Mara made one more attempt, and only one, to call her scattered people home. She had hoped the assault would convince them they had a responsibility to the Reef, to come home and repair the damage they had caused. It went poorly, however, for though her tech witches were able to amplify her bond to her people through the augments Kelda had developed, she was only one voice in a maelstrom. Her Awoken had sensitive antennae, in the metaphysical sense, and could not hear her plea through the clamor. Also, the communications engineer kept forgetting to call Mara "Majesty" or "Queen."
"Good news," Uldren told her with the grim delight he always showed after a debacle he had survived. "Illyn and I went through the Fallen communications logs. Their Baron never transmitted our position to his Kell. He wanted the prize to himself. We remain secure."
"The Baron might have planted a time-delayed beacon," Mara warned him. "Never underestimate these beings. They've lived in the void longer than us."
"I already admire them," Uldren confessed. "They've lost so much. Some of them even ritually dismember themselves, Mara, to prove they have the strength to grow back the missing limbs. I tell you that even if we are doomed to dwindle and go extinct, those Fallen may outlive us."
Mara made a dry note in her log that her brother had at last discovered his true people.
For her part, Sjur Eido wandered about in a daze, filled with joy to be alive and grief that she no longer knew the day when she would die. "In you, all things are possible," she told Mara. "I live because of you." When Mara saw her string her mighty bow, the limbs coiled behind her leg and around her opposite arm, she was glad beyond telling that Sjur had survived.
In time, Mara appointed Paladins to oversee her new military, as Alis Li had done during the Theodicy War. She created talented starfarers as Corsairs, to scour the asteroid belt in utmost secrecy and to establish routes and caches that would support the covert motion of Awoken ships.

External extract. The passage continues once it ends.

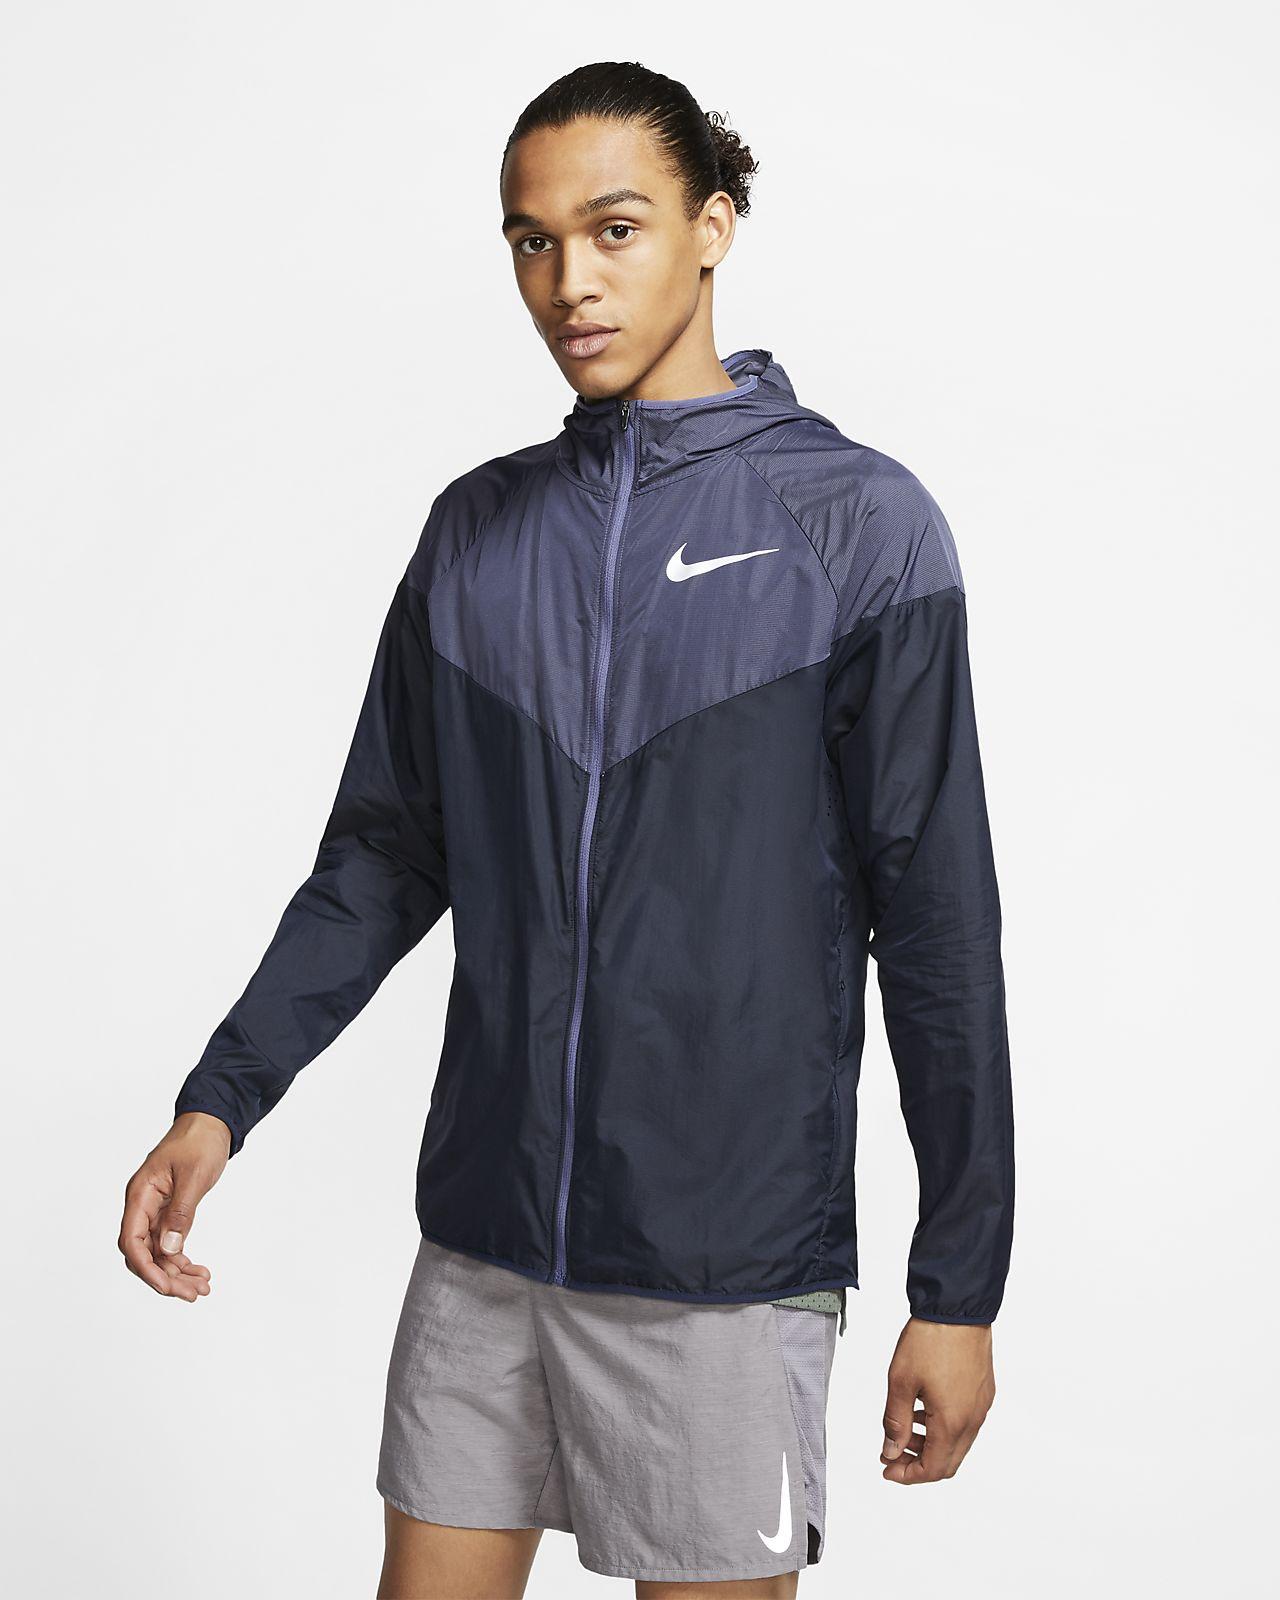 Nike Windrunner Men's Running Jacket

Most of all, she charged her brother with the mission that occupied her thoughts. "Brother," she said, "never again can I allow my people to be divided. We must offer them more than shielding ice and cold habitat cylinders and the warrens of Vesta. We must make a culture, a thread that binds us all in pride and wonder at the mystery of ourselves. Nowhere does culture flourish better than in a city."
"Gather in one place," Uldren warned her, "and you make yourself a target."
Mara had considered this, and found an answer. "Go forth and find me a power unknown to all the other powers of this world. Return it to me, and I shall make of it the cornerstone of my new city, where the Awoken shall dream of all they have been and all that is yet to come."
So Uldren went out voyaging among the worlds, swift as a blueshift ghost. In time, he returned to the Reef with a creature not larger than his hand, saying, "Behold, Sister, the lie that makes itself true. This is an Ahamkara."